Page 112 - В списках не значился
P. 112
немцам. Штык ни в чем не был виноват перед ним: виноваты были руки, что повернули этот
штык против него.
Он поднял самозарядку: хорошо, что он нашел ее именно сегодня, вот она и
пригодилась. Если не подведет: все-таки она очень капризна, эта СВТ. Он прищурил глаз,
ловя на мушку рослого, что стоял к нему спиной. Прищурил, и фигура вдруг расплылась в
пятно, теряя очертания. Он протер глаза, прицелился снова, и снова рослый утратил
резкость. С ним никогда не случалось такого, зрение его всегда было отличным, и все же он
сразу все понял: он терял зрение, и больше всего терял как раз в правом глазу.
Он не позволил себе расстраиваться. Он просто открыл второй глаз и стал целиться,
корректируя мушку обоими глазами. Это было непривычно, но все же он подвел ствол туда,
куда хотел, и плавно надавил спуск. И одновременно с грохотом выстрела увидел, как
рослого швырнуло вперед, как, вскинув руки, он падает на кирпичи. Он еще раз нажал на
спусковой крючок, но автоматика отказала, и второго выстрела не последовало. А
перезаряжать было некогда: надо было уходить. Он плохо знал эти подвалы.
Он шел быстро, но часто останавливался, приглядываясь к отсекам и переходам. Где-то
сзади слышались голоса, ударило несколько очередей. Немцы преследовали его, но в
подвалах он надеялся уйти, если сам не заскочит в тупик, в глухой, не имеющий другого
выхода отсек. Тогда придется принимать бой, и бой этот будет его последним боем. Один раз
он уже вскочил в такой каземат, но вовремя успел сообразить и убрался оттуда и теперь
предпочитал не спешить. Тем более что немцы продвигались по подвалам медленно,
стараясь либо высветить, либо обстрелять все темные ниши и норы.
И все-таки надо было искать место, где можно было бы отлежаться: уходить
бесконечно он не мог, и, в конце концов, немцы где-нибудь зажали бы его. И он искал такое
место, особенно старательно ощупывая стены в темных переходах. Искал какой-либо лаз,
дыру, пролом, через которые можно было бы выбраться назад, или, отлежавшись,
пропустить немцев и уйти в те отсеки, которые они уже проверили, осветили и простреляли.
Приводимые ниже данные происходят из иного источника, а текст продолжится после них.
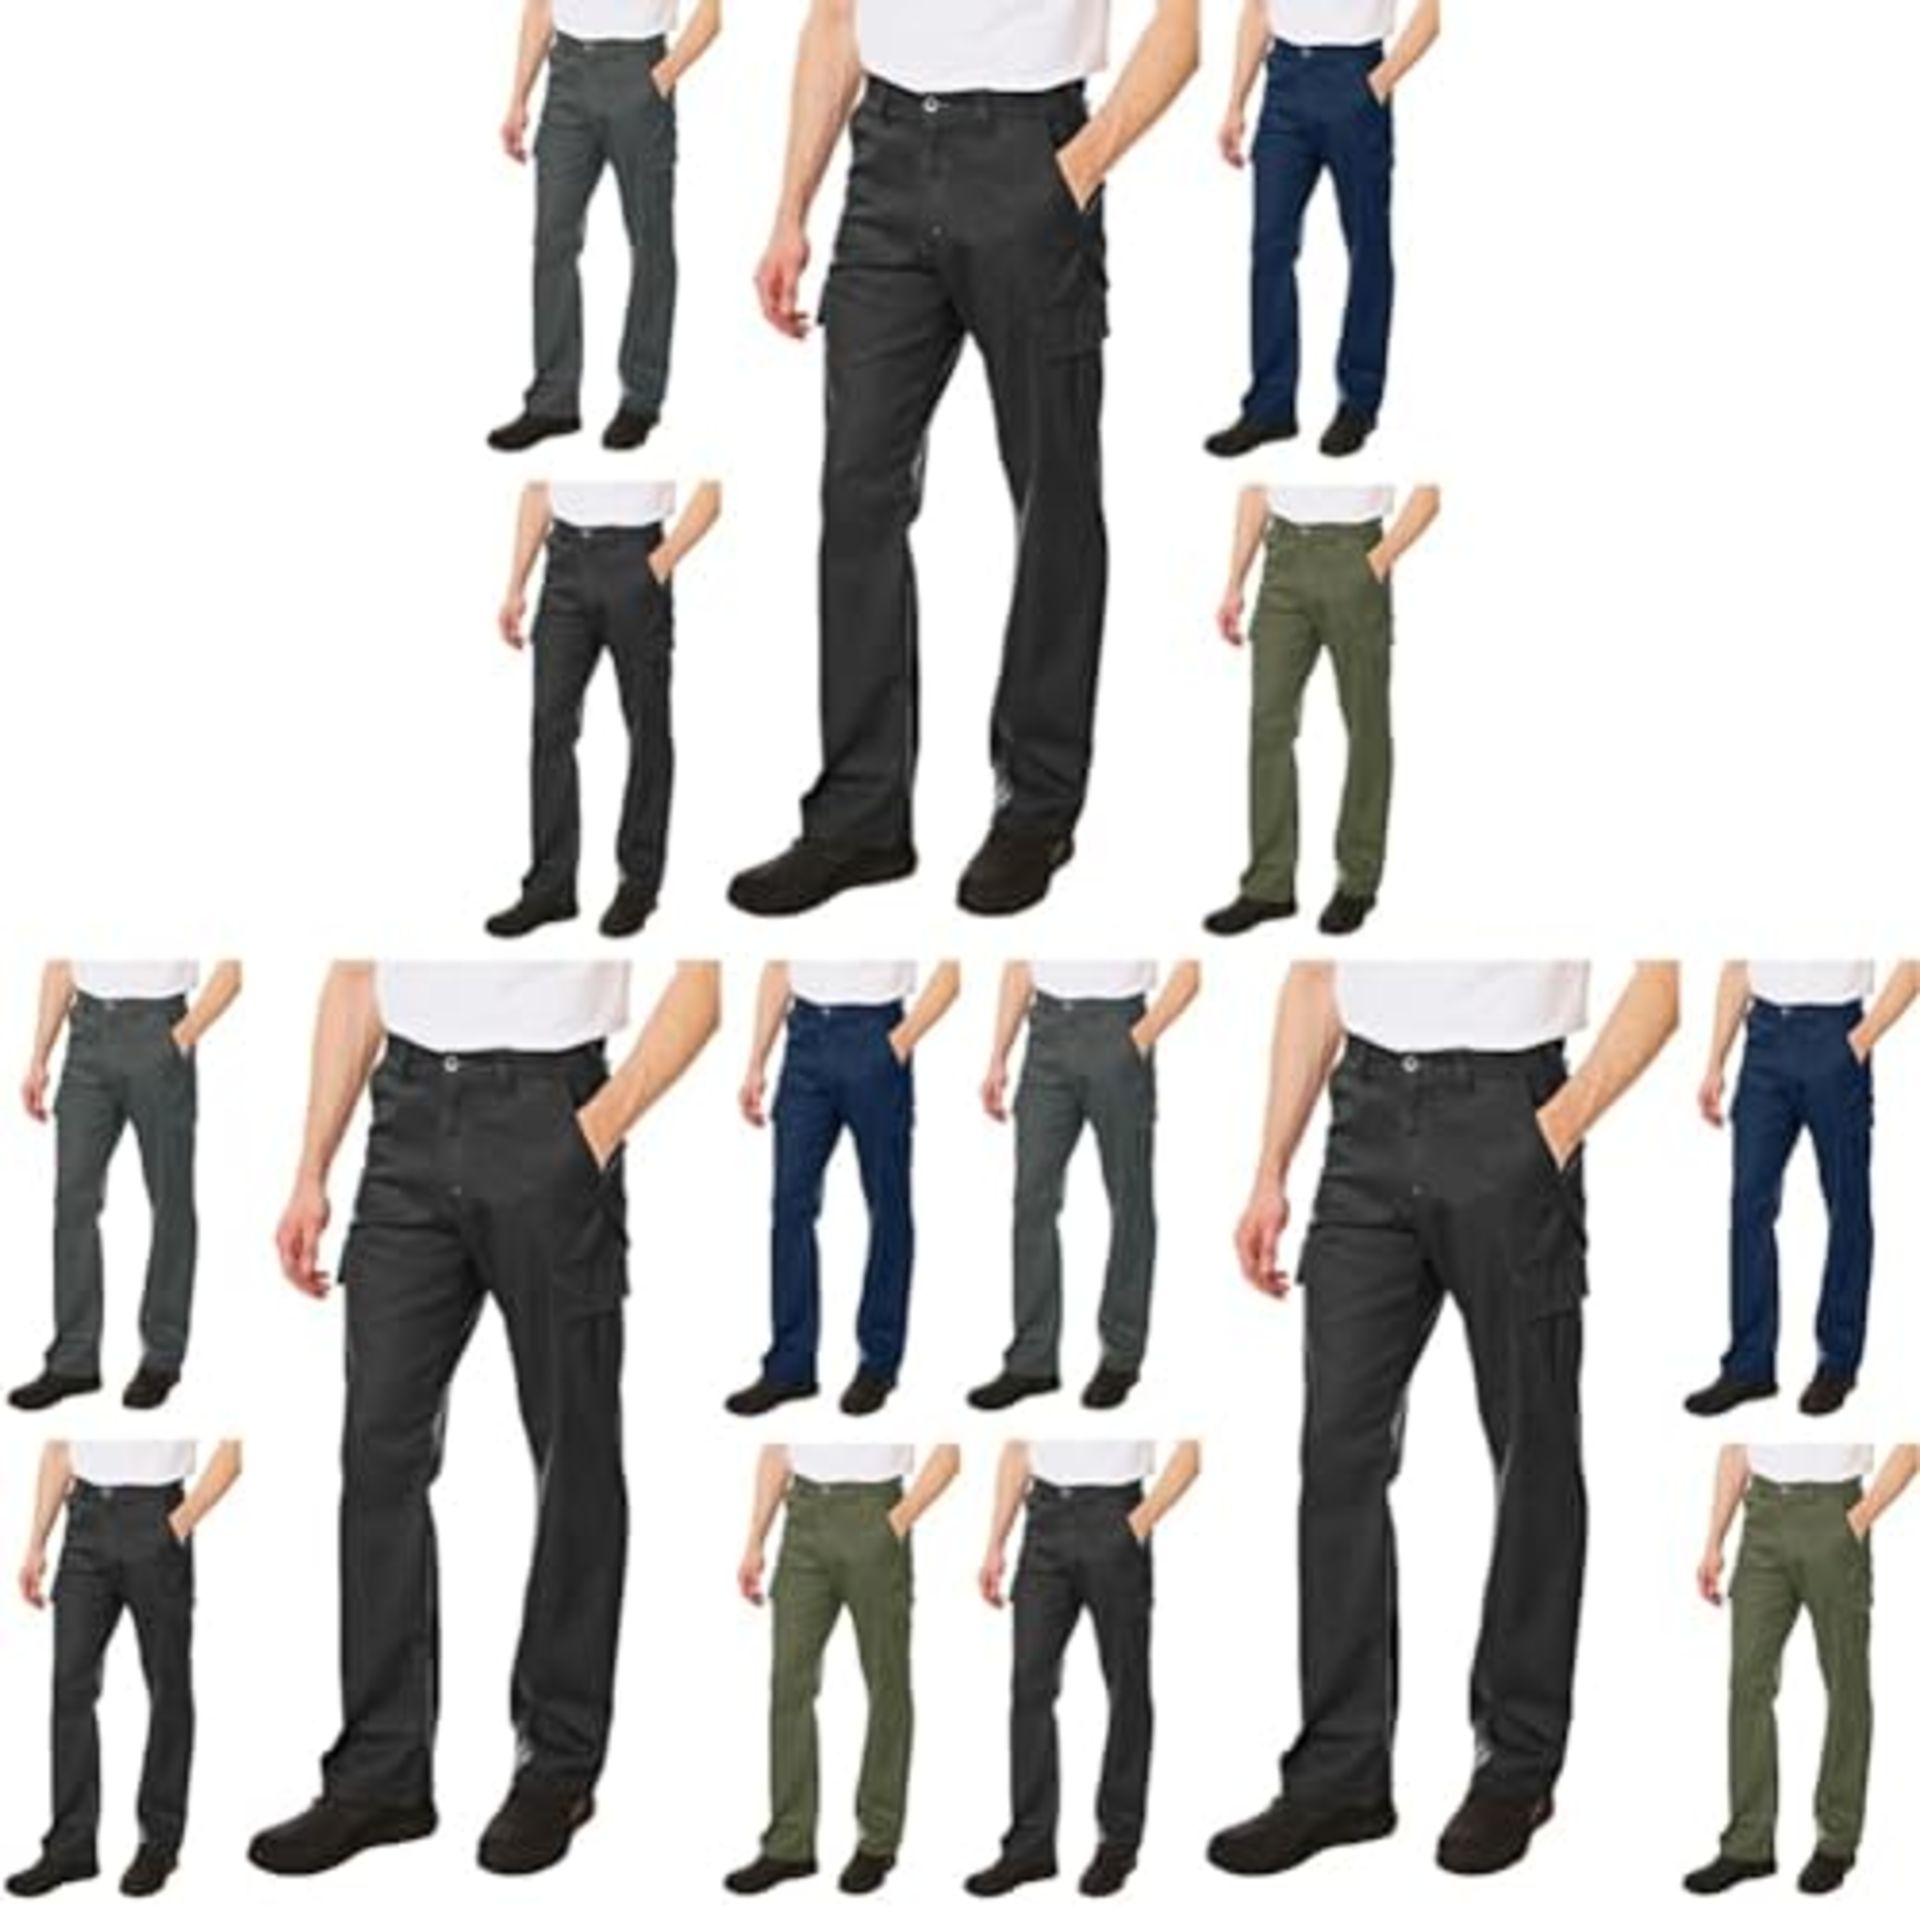 Lee Cooper Men's Heavy Duty Easy Care Multi Pocket Work Safety Classic Cargo Pants Trousers, Black..

Дыру, которую, он нашел только потому, что искал, обнаружить было трудно. Она
была расположена вровень с полом сразу за уступом подвальной стены в переходе настолько
коротком, что никому бы не пришло в голову, что здесь может быть еще какой-то выход. Лаз
был узким, шел горизонтально, но заворачивал под прямым углом в метре от прохода: ему
пришлось лечь на бок, чтобы вползти куда-то, где было темно, как в могиле и как в могиле
тихо. Он не знал размеров отсека, куда заполз, но сразу же повернулся лицом к дыре и
выставил автомат. Это была удобная нора: он оценил ее, еще ничего не проверив, только по
хитро прорытому ходу. Здесь почти не слышались немецкие голоса, и песок, на котором он
сейчас лежал, был мягким и даже теплым, и все это было ему на руку, все пока было удачей.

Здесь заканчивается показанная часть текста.